Next, our minds only naturally got to wondering what some of the most popular toys have been since we first opened all those Christmases ago. So, with our inquisitive minds leading the way, we researched it and here they are – the top toys on every kids Christmas list for each year Stuckey’s has been in business:

1937 Pedal Cars: How apt is it that this was the most popular gift the same year that Stuckey’s got its start?
1938 Red Ryder BB Gun: “You’ll shoot your eye out, kid!”
1939 Army Men: Though first produced in 1938, the popularity of these little green men really took off after World War II began in 1939.
1940 Soap Bubbles: Okay, so bubbles have been around practically since the beginning of physics, but in 1940 when Chemtoy began bottling its own bubble solution, blowing bubbles became really *POP*-ular
1941 Tinkertoys: Invented by stonemason Charles H. Pajeau, who designed the toy after seeing children play with sticks and empty spools of thread.
1942 Little Golden Books: Hundreds of thousands of these little books were sold for a quarter each in their first year thanks to their low costs compared to other children’s books.
1943 Chutes and Ladders:  Milton Bradley brought the popular Indian game Snakes and Ladders to America, changed its name to Chutes and Ladders, and became an immediate hit in time for Christmas 1943.  
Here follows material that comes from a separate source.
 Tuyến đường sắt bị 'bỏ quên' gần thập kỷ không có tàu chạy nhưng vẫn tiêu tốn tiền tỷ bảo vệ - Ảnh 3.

1944 Dick Tracy Junior Detective Kit: In 1944, every kid asked Santa for the Dick Tracy Junior Detective Kit, complete with a manual, suspect information, a badge, a secret decoder, a membership card and more, just like the big guy.
1945 Slinky: This “wonderful, wonderful toy” was invented by mechanical engineer Richard James who accidently knocked over one of the springs he was designing and noticed it walked down the shelf on its own accord.
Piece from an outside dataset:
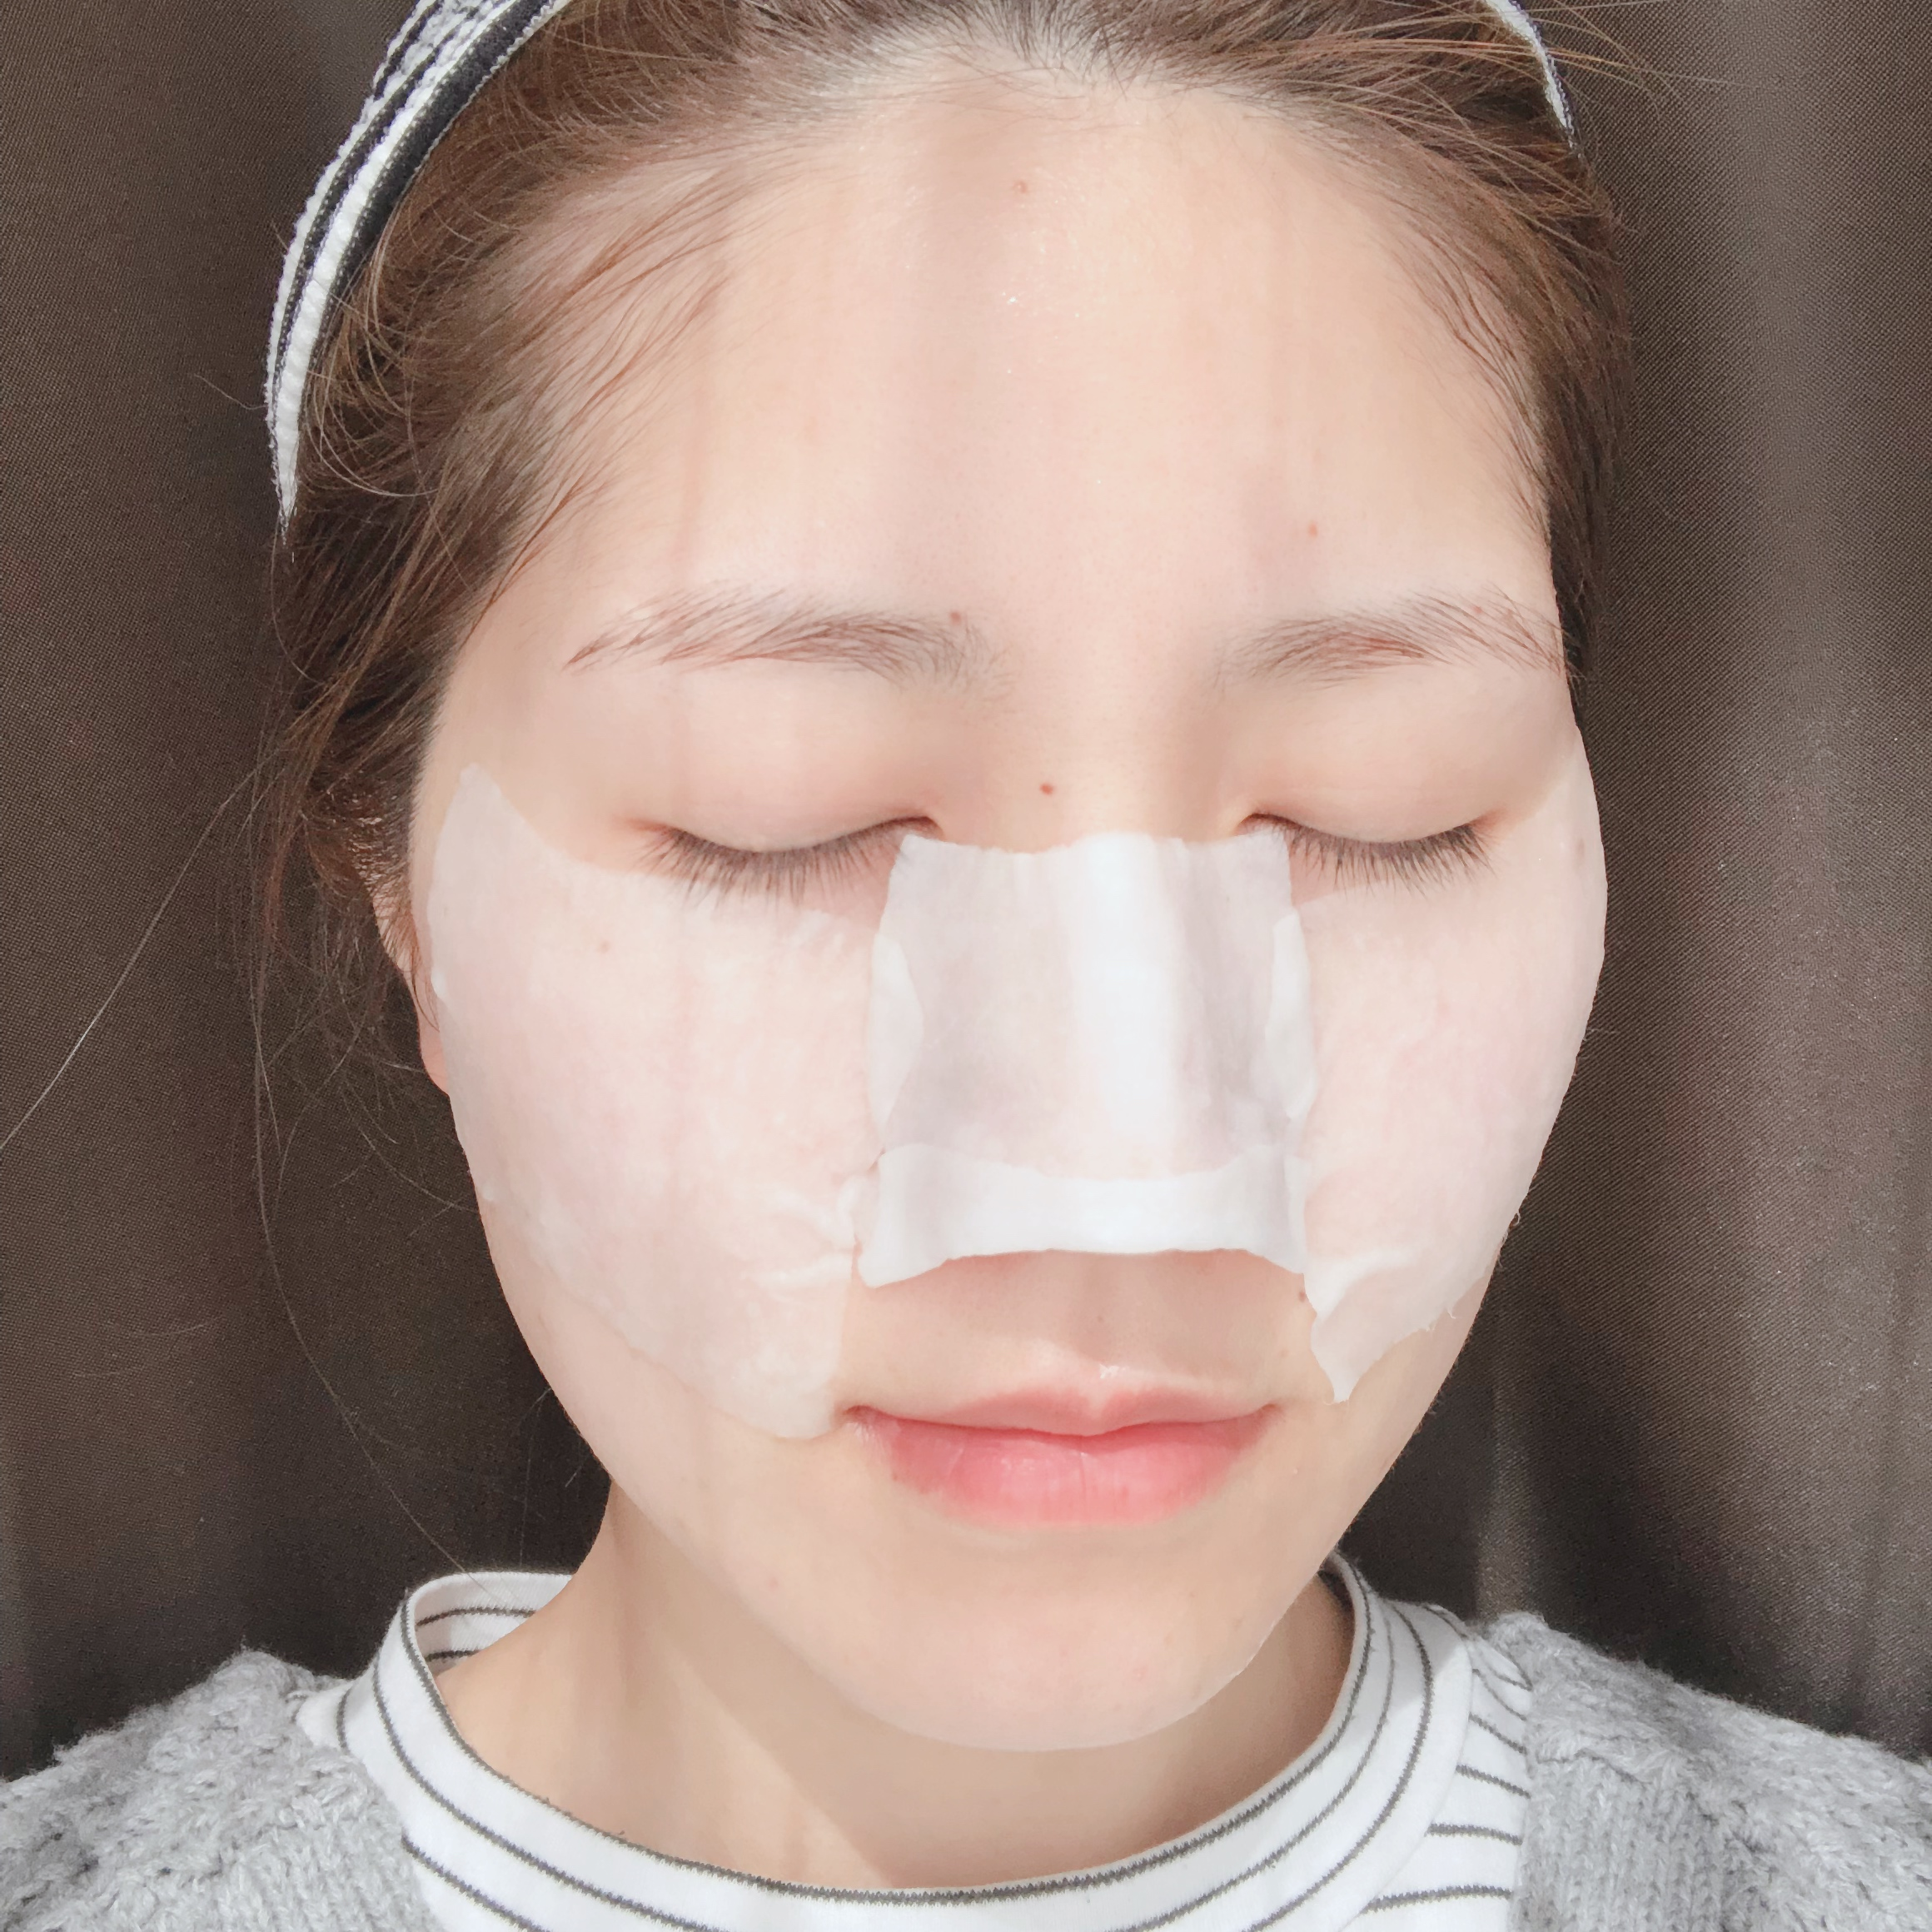 プチプラ化粧水特集 - 乾燥、ニキビ、美白などにおすすめの高コスパな化粧水まとめ_26

1946 Penny Toys: These brightly-colored, metal wind-up toys were made in post-war Germany and Japan and flooded the U.S. market after the war.
1947 Electric Football: BZZZZZZZZzzzzzZZZZZZZzzzzzzzzZZZZZzzzZZZZZZZZZzzzzzzzzz! (We’re sure parents didn’t find this toy annoying at all.)
1948 Tinymite Radio:  a crystal radio for kids so they could tune into Dick Tracy, the Green Hornet, and the Cisco Kid.
1949 Silly Putty: Chemical engineer James Wright accidentally created Silly Putty while attempting to create a new synthetic rubber; after taking it home to his kids, they started stretching it, bouncing it, and (we assume) they used it to transfer comics. As a result, Wright turned it into a toy.  
1950 Magic 8 Ball: Originally created in the shape of a tube by Albert C. Carter, a psychic’s son, novelty promoter Abe Bookman turned it into a crystal ball, and Brunswick Billiards turned it into an 8 ball as a promotional item (perhaps inspired by the Three Stooges). What’s the chance of you still getting one for Christmas in 2021? “Outlook good.”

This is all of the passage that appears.